§ What you will do
Would you print the lines below exactly, beginning at the line that has "Louis Vuitton Porte-Monnaie" and stopping after the line that has "Salle de bain"? Only those lines, and no pictures.

§ Provided records
= = = = = = =

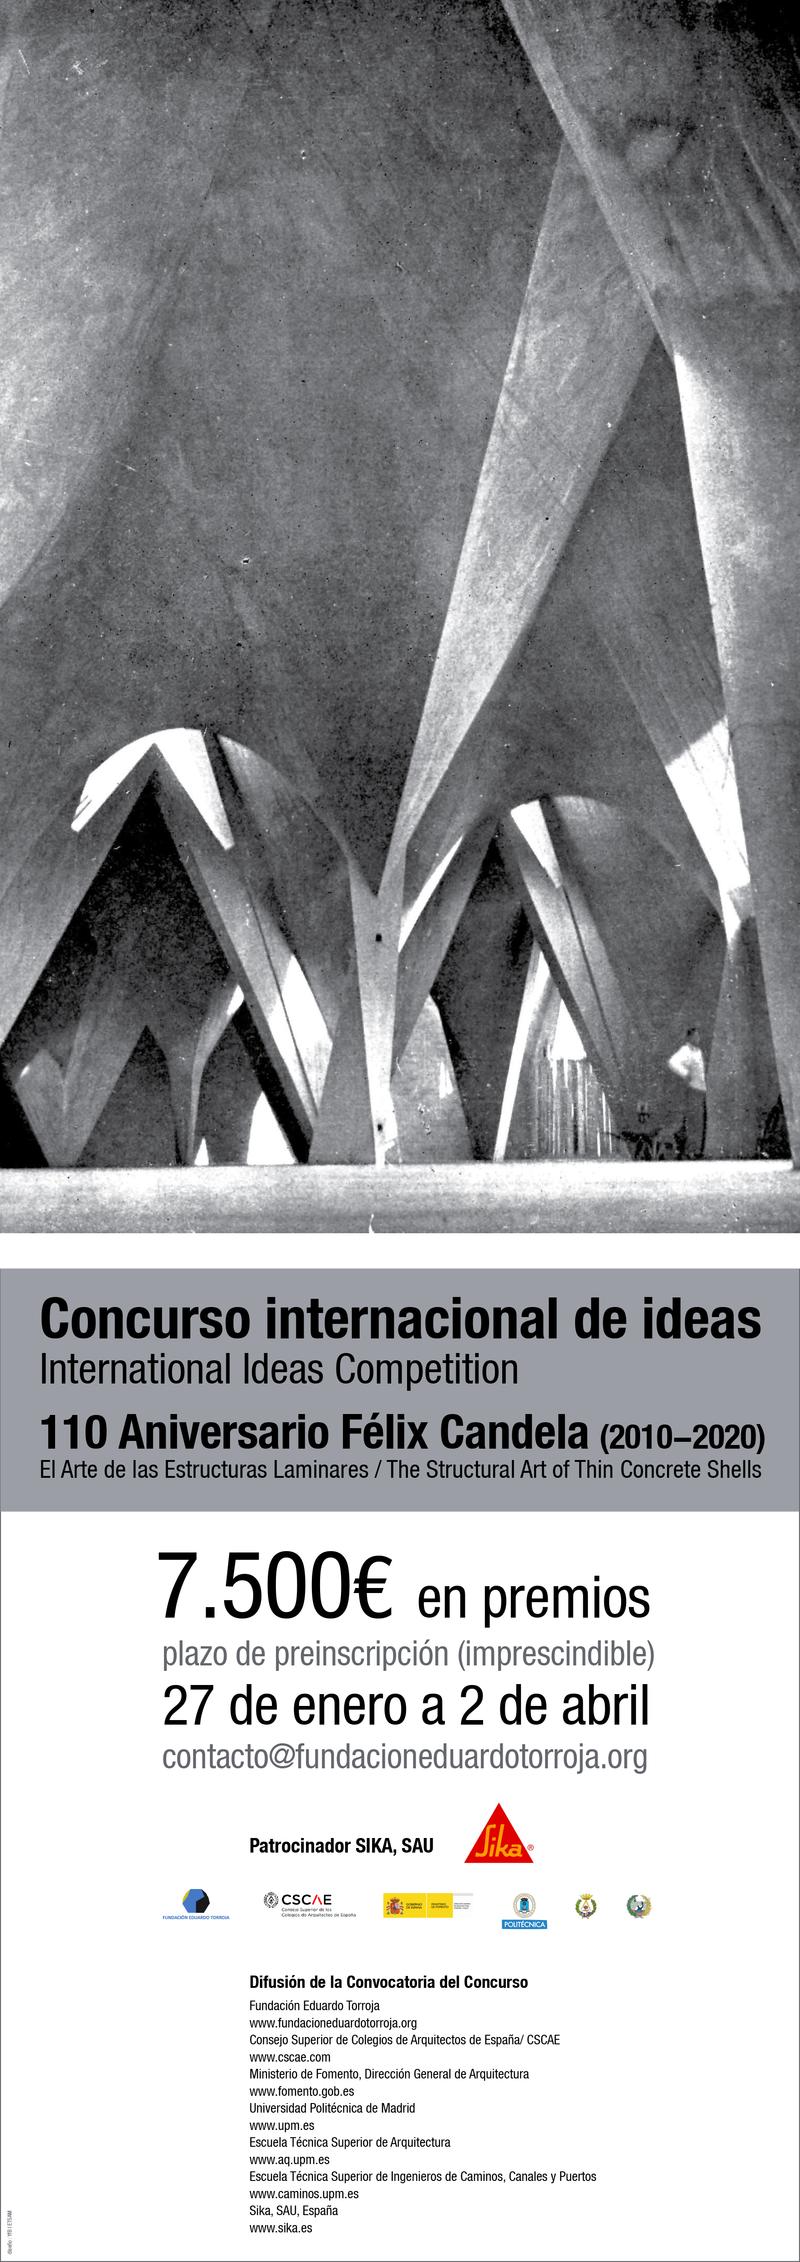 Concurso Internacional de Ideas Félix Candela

= = = = = = =

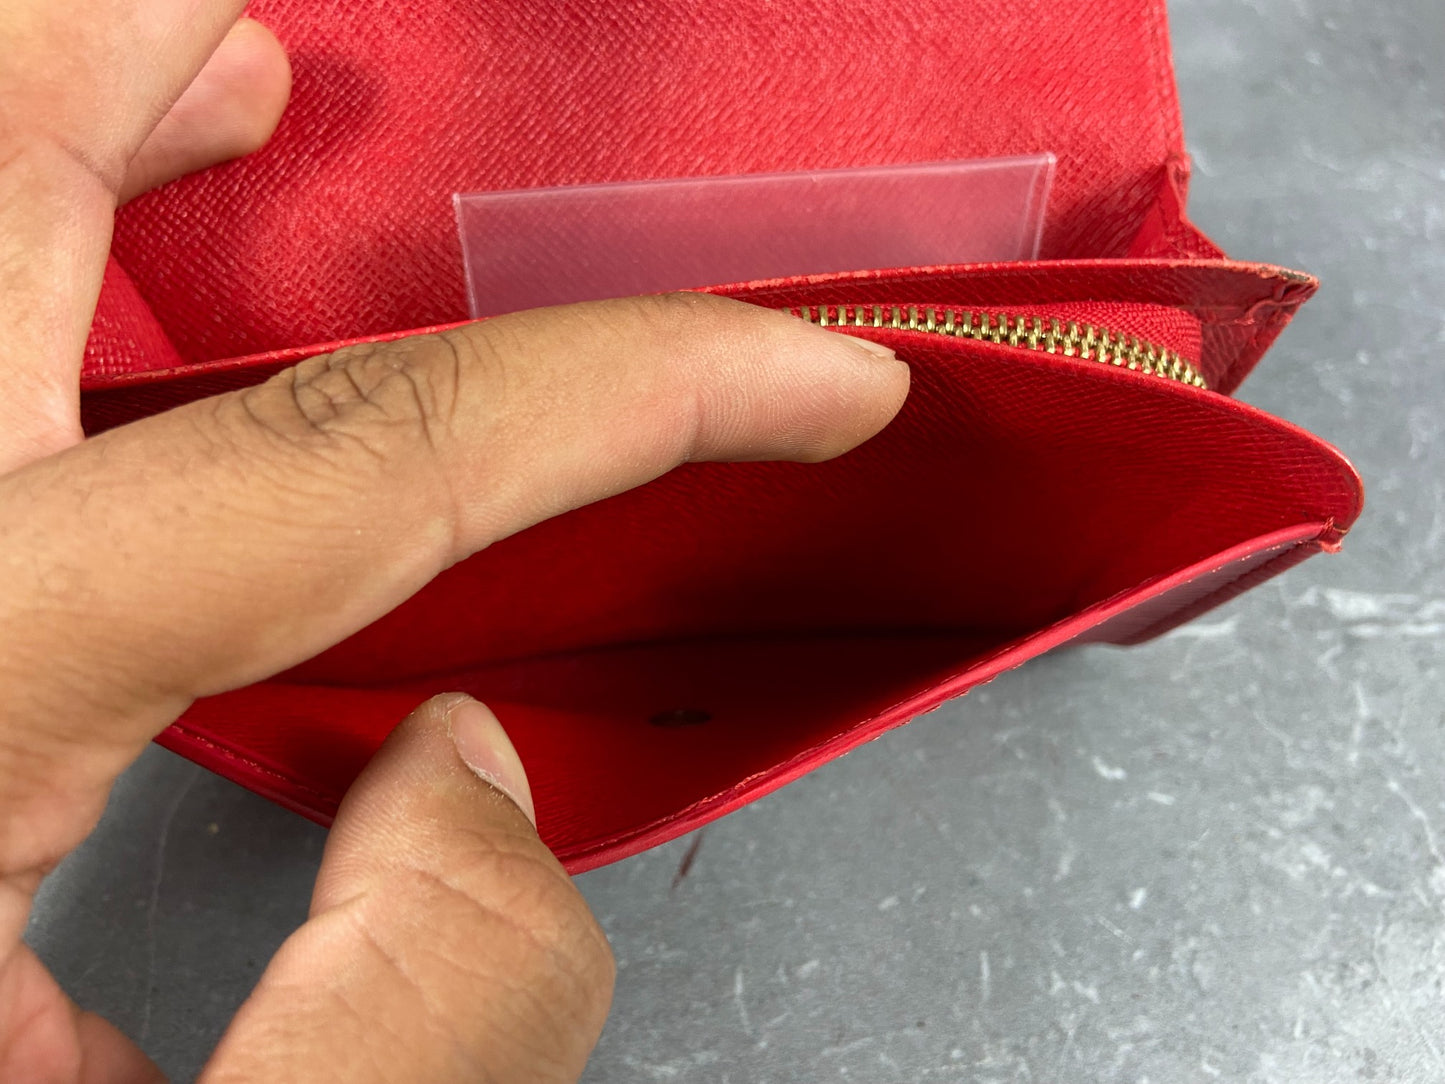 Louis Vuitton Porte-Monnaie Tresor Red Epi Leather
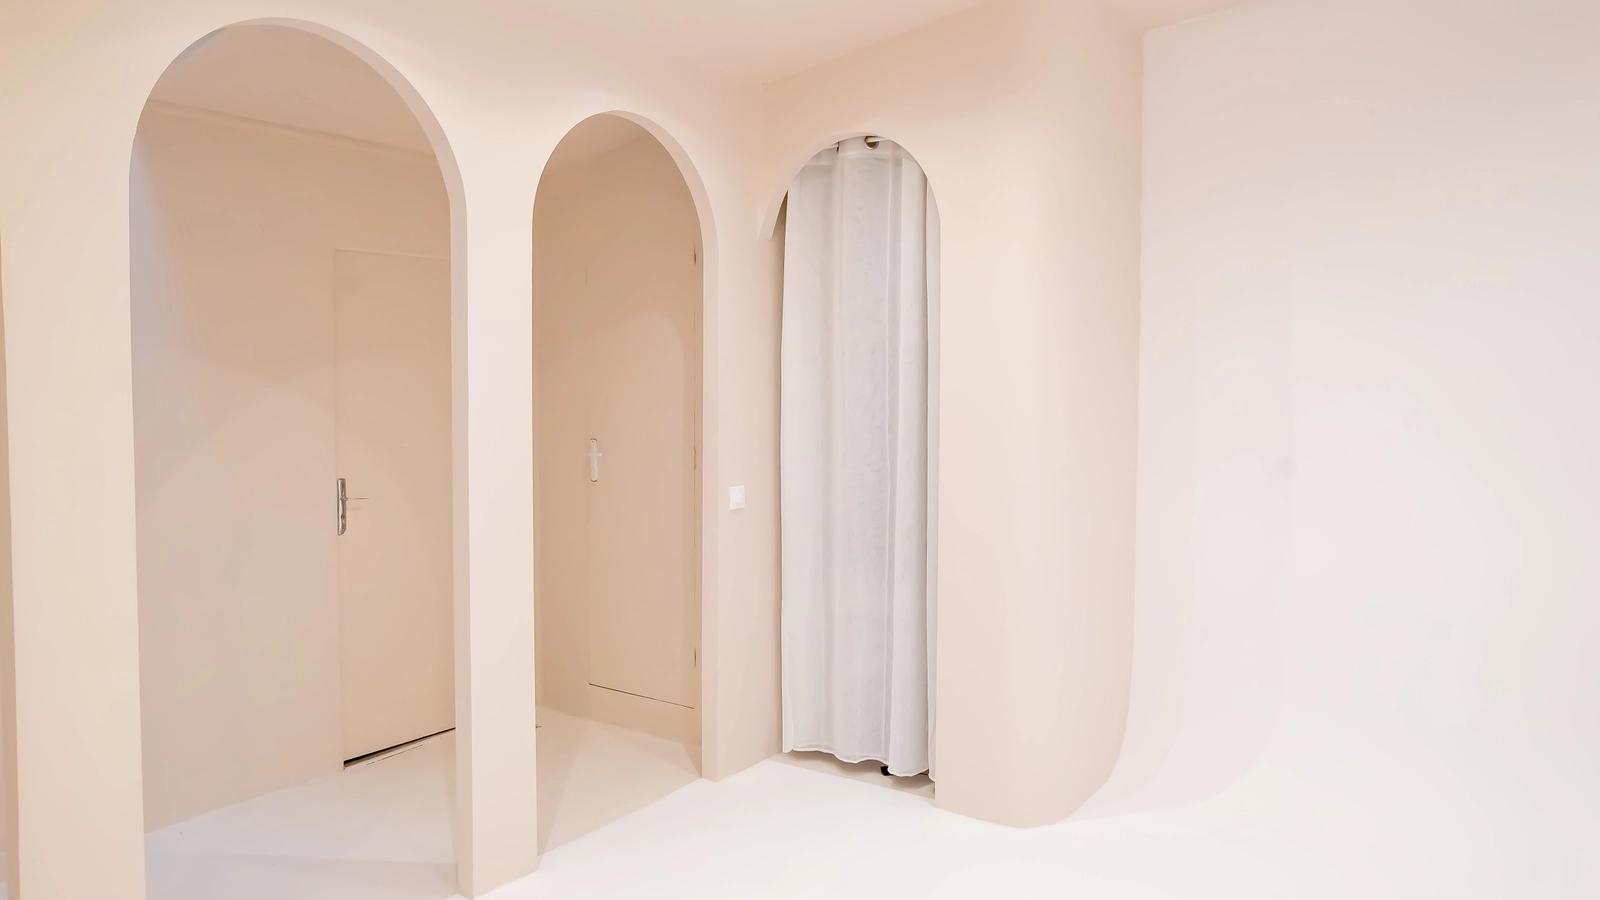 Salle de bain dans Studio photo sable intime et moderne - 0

= = = = = = =

§ Result for this task
 Louis Vuitton Porte-Monnaie Tresor Red Epi Leather
 Salle de bain dans Studio photo sable intime et moderne - 0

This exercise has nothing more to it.